Gefitinib reverses TRAIL resistance in human bladder cancer cell lines via inhibition of AKT-mediated X-linked inhibitor of apoptosis protein expression.

Departments of Cancer Biology and Urology, University of Texas M. D. Anderson Cancer Center, 1515 Holcombe Boulevard, Houston, TX 77030, USA.
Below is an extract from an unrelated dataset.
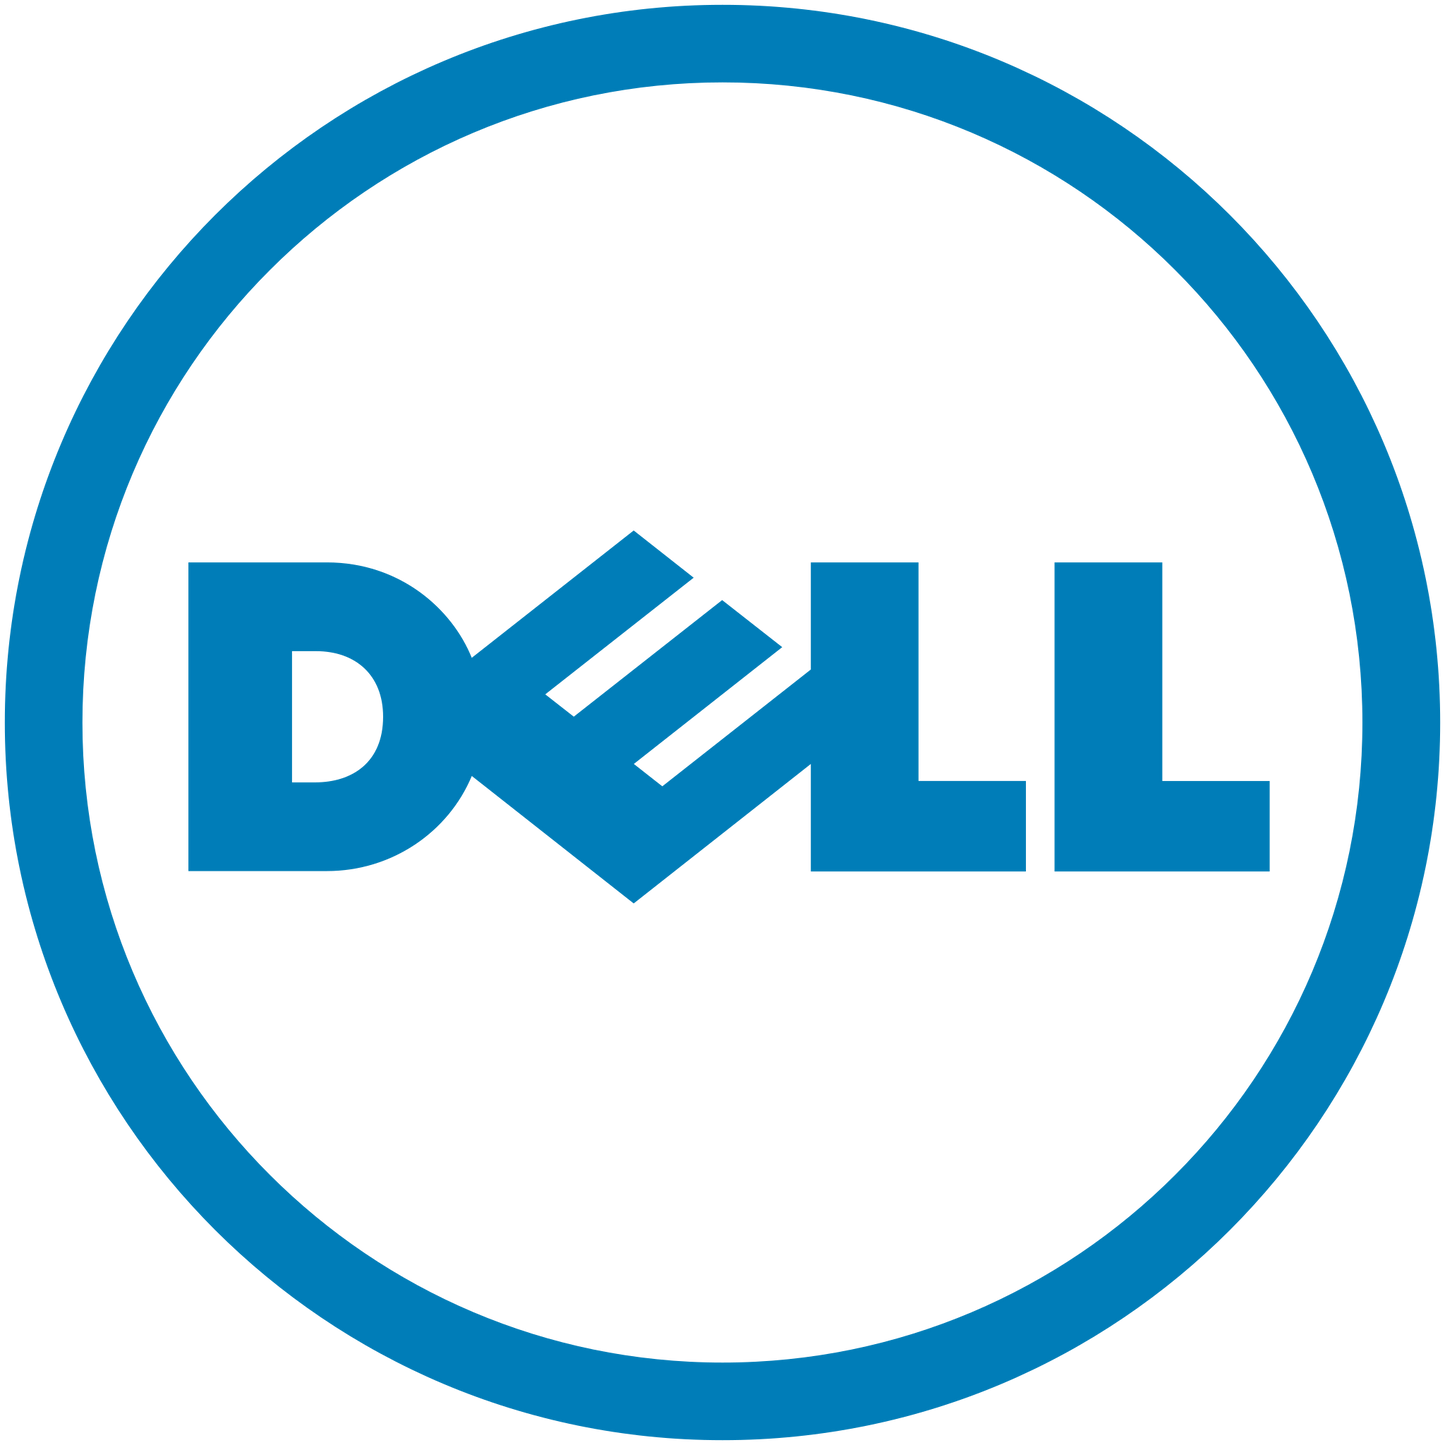 Dell WM118 Wireless Mouse, 2.4 Ghz with USB Nano Receiver, Optical Tracking, 12-Months Battery Life, Ambidextrous, Pc/Mac/Laptop - Black.

Cancer Research (impact factor: 7.86). 02/2007; 67(4):1430-5. DOI:10.1158/0008-5472.CAN-06-1224 pp.1430-5
Source: PubMed

ABSTRACT In a previous study, we found that the small-molecule epidermal growth factor receptor (EGFR) inhibitor gefitinib (ZD1839, Iressa) blocked cell proliferation at biologically relevant concentrations in approximately one third (6 of 17) of human bladder cancer cell lines examined. Here, we studied the effects of gefitinib on apoptosis in a representative subset of the same panel of cells. The drug had modest effects on DNA fragmentation as a single agent at concentrations that produced strong growth inhibition (< or =1 micromol/L) and also failed to promote apoptosis induced by conventional chemotherapeutic agents (gemcitabine and paclitaxel). However, gefitinib did interact with recombinant human tumor necrosis factor-related apoptosis-inducing ligand (TRAIL) to induce high levels of apoptosis in gefitinib-responsive but not gefitinib-unresponsive lines. The molecular mechanisms involved down-regulation of active AKT and X-linked inhibitor of apoptosis protein (XIAP) expression and were mimicked by chemical inhibitors of the phosphatidylinositol 3-kinase/AKT pathway but not of the mitogen-activated protein kinase/extracellular signal-regulated kinase (ERK) kinase/ERK pathway. Furthermore, direct small interfering RNA-mediated knockdown of AKT resulted in down-regulation of XIAP and TRAIL sensitization, and knockdown of XIAP itself was sufficient to reverse TRAIL resistance. Together, our results show that EGFR pathway activation limits TRAIL-induced apoptosis via an AKT- and XIAP-dependent mechanism in EGFR-dependent human bladder cancer cells, providing the conceptual framework for a further evaluation of the combination in relevant preclinical in vivo models.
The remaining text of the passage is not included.